Search code examples
javaprocessingguavamultiset

Converting Multiset Count into a List Java


Is there any way to pull the count from a Multiset into a list?

String[] data = loadStrings("data/data.txt"); 

Multiset<String> myMultiset = ImmutableMultiset.copyOf(data);

for (String word : Multisets.copyHighestCountFirst(myMultiset).elementSet()) {
    System.out.println(word + ": " + myMultiset.count(word));
    // ...
}

As it stands I can output the most commonly occurring words into the console in Processing. I was wondering if it is at all possible to add the corresponding words and their count into an array or a list. I have tried like so:

for (String word : Multisets.copyHighestCountFirst(myMultiset).elementSet()) {
    float a[] = myMultiset.count(word);
}

but only received errors stating I cannot convert an int to a float[]

Is this even possible? Am I going about it all wrong? I've never used Multisets before so any help would be really useful

UPDATE: I have used this to get a copy of the highest count but am unable to convert it into a list.

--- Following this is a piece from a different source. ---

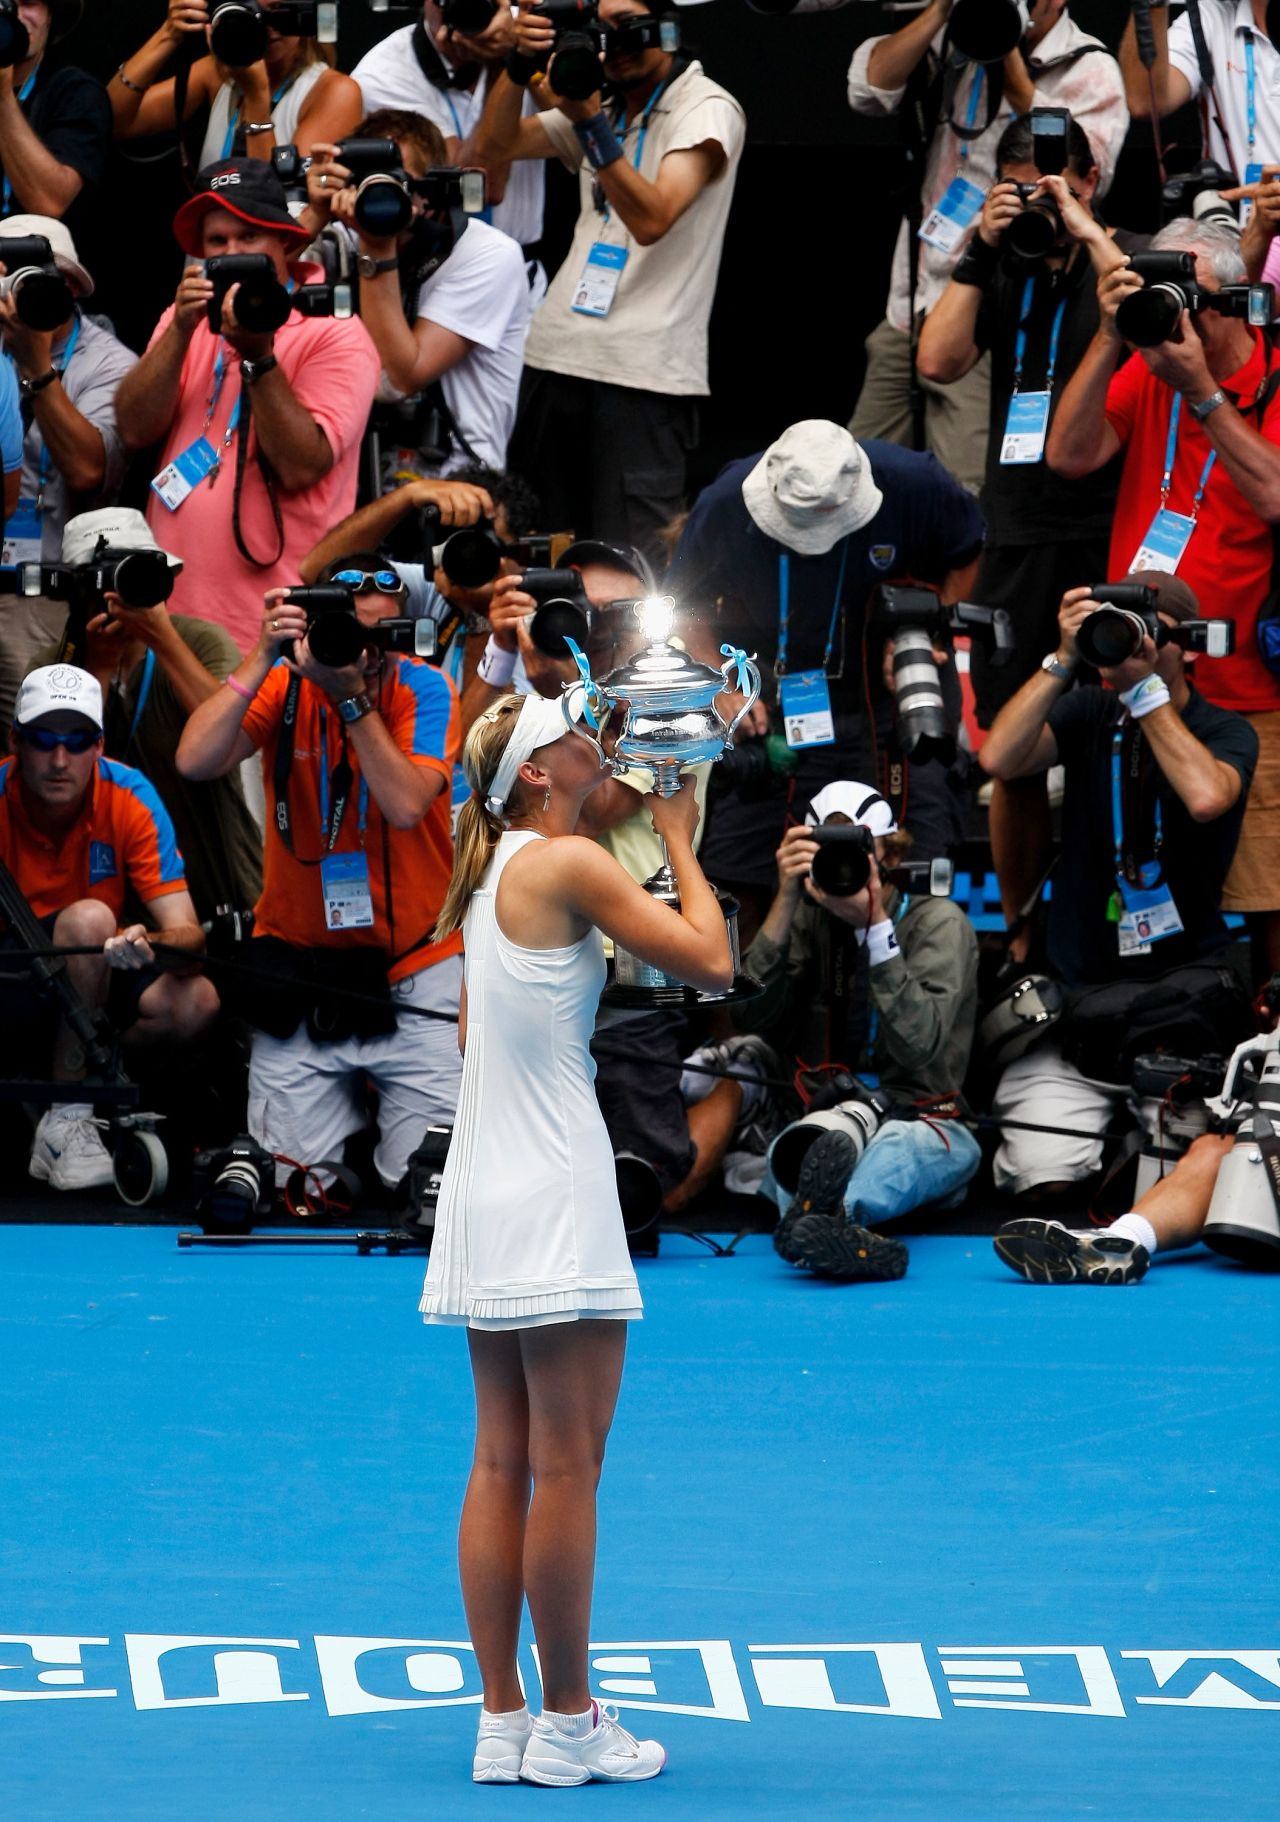 The 25-year-old made it a hat-trick of grand slam victories at the 2008 Australian Open and in some style. She didn't drop a set in the entire tournament on her way to defeating Serbia's Ana Ivanovic in the final.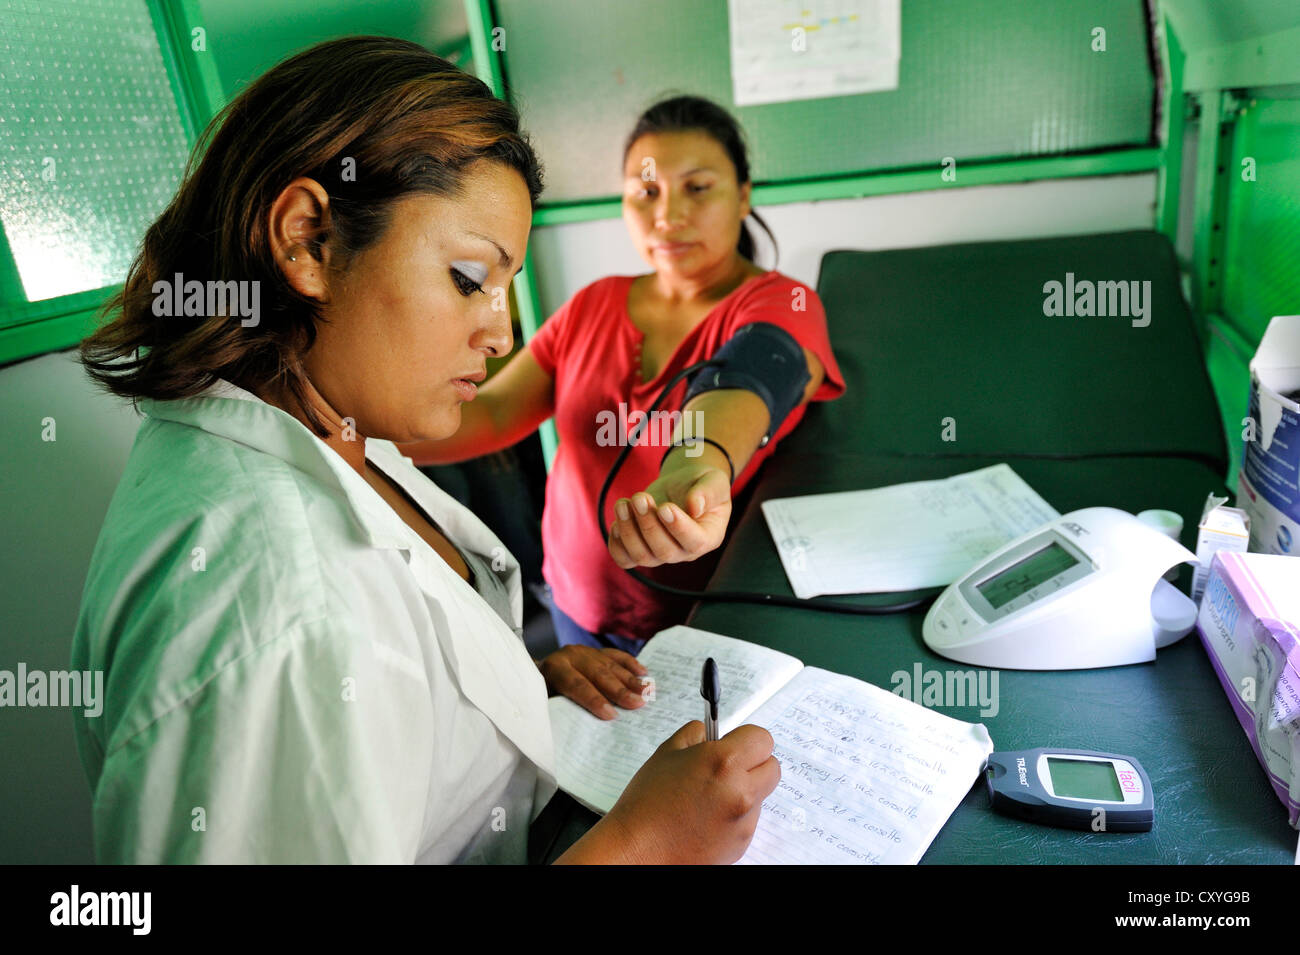 Nurse checking the blood pressure of a young woman, Guatemala, Central America Stock Photo

Multiset<String> sortedList = Multisets.copyHighestCountFirst(myMultiset);

Solution

  • Please see Multiset.entrySet() docs:

    Returns a view of the contents of this multiset, grouped into Multiset.Entry instances, each providing an element of the multiset and the count of that element.

    So, i.e. to get the top 5 most occurring owrds, I'd loop over the entrySet():

    ImmutableMultiset<String> top = Multisets.copyHighestCountFirst(myMultiset);
    
    Iterator<Multiset.Entry<String>> it = top.entrySet().iterator();
    
    for (int i = 0; (i < 5) && it.hasNext(); i++) {
        Multiset.Entry<String> entry = it.next();
    
        String word = entry.getElement();
        int count = entry.getCount();
    
        // do something fancy with word and count...
    }
    

    I'm assuming you need to show the top 5 most occurring words and their frequencies. If you only need the words, just use asList() method:

    ImmutableMultiset<String> top = Multisets.copyHighestCountFirst(myMultiset);
    
    ImmutableList<String> list = top.asList();
    

    and iterate over list to get the first 5 elements.